Но генерал не стал ругаться, а взял капитана за плечи и бесцеремонно подвёл к дверному косяку дежурки, снял с него фуражку. А на косяке виднелись сделанные перманентным маркером штрихи, как в комнате у детей, где так же отмечают рост молодого чада.
Ещё раз смерив взглядом капитошку, Пётр Алексеевич задумался.
Борщёв был в самую притирочку по верхней допустимой отметке.
В принципе, и на морду сойдёт. Глаза серые. Волосы тёмно-русые. Руки чистые, ухоженные. Загара немного. Не широк, но жилист. В общем, не аристократ, но и на крестьянина непохож. Эсквайр, одним словом.

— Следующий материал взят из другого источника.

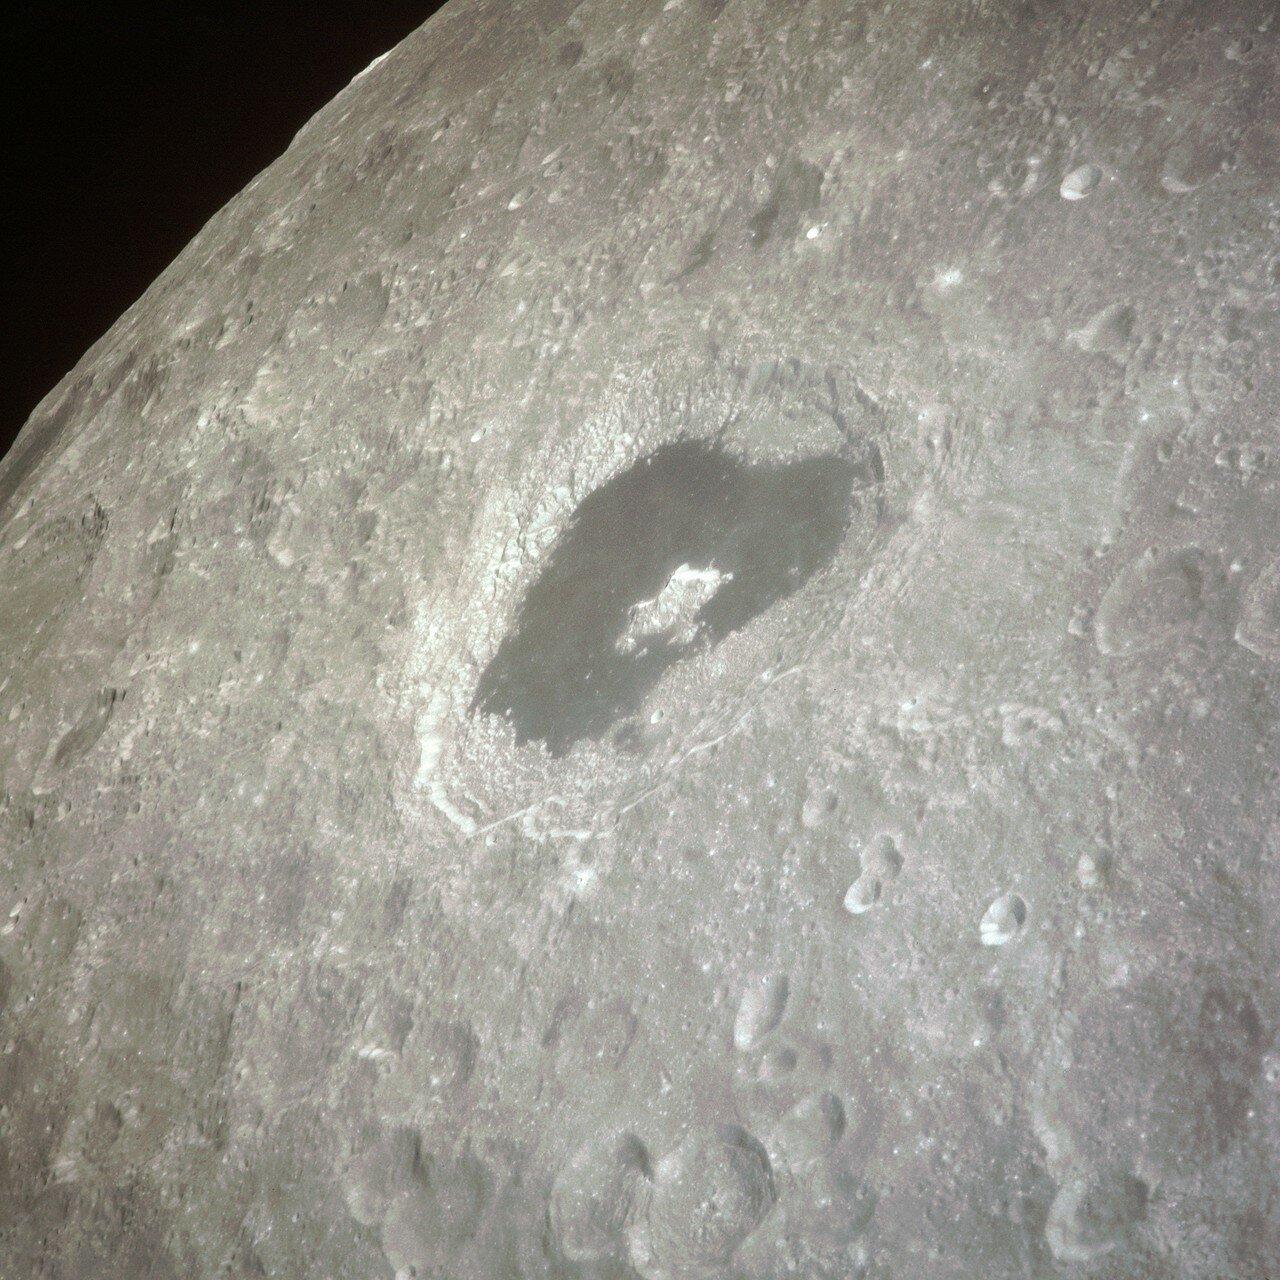 Радиомолчание длилось около 20 минут. Затем Ловелл вместе с Хейзом стал включать системы лунного модуля, готовясь к третьей коррекции, которая называлась «PC+2» На снимке: Кратер Циолковского

Вздохнув, генерал по-отечески взъерошил волосы на голове Дмитрия и заговорил:
— Мне предстоит поход. Нужен человек на должность адъютанта. Ты хоть и зануда и тот ещё кровопийца, но имеешь понятия, что и как. По внешним параметрам тоже подходишь. В общем, капитошка, ты готов пойти со мной? Но запомни, предлагаю только один раз, второго шанса не будет.
— Но я же не прогрессор, — криво улыбнулся Борщёв, словно неудачной шутке. А затем поглядел на новичков, взвешивая плюсы и минусы ситуации, заодно сравнивая себя с прибывшими.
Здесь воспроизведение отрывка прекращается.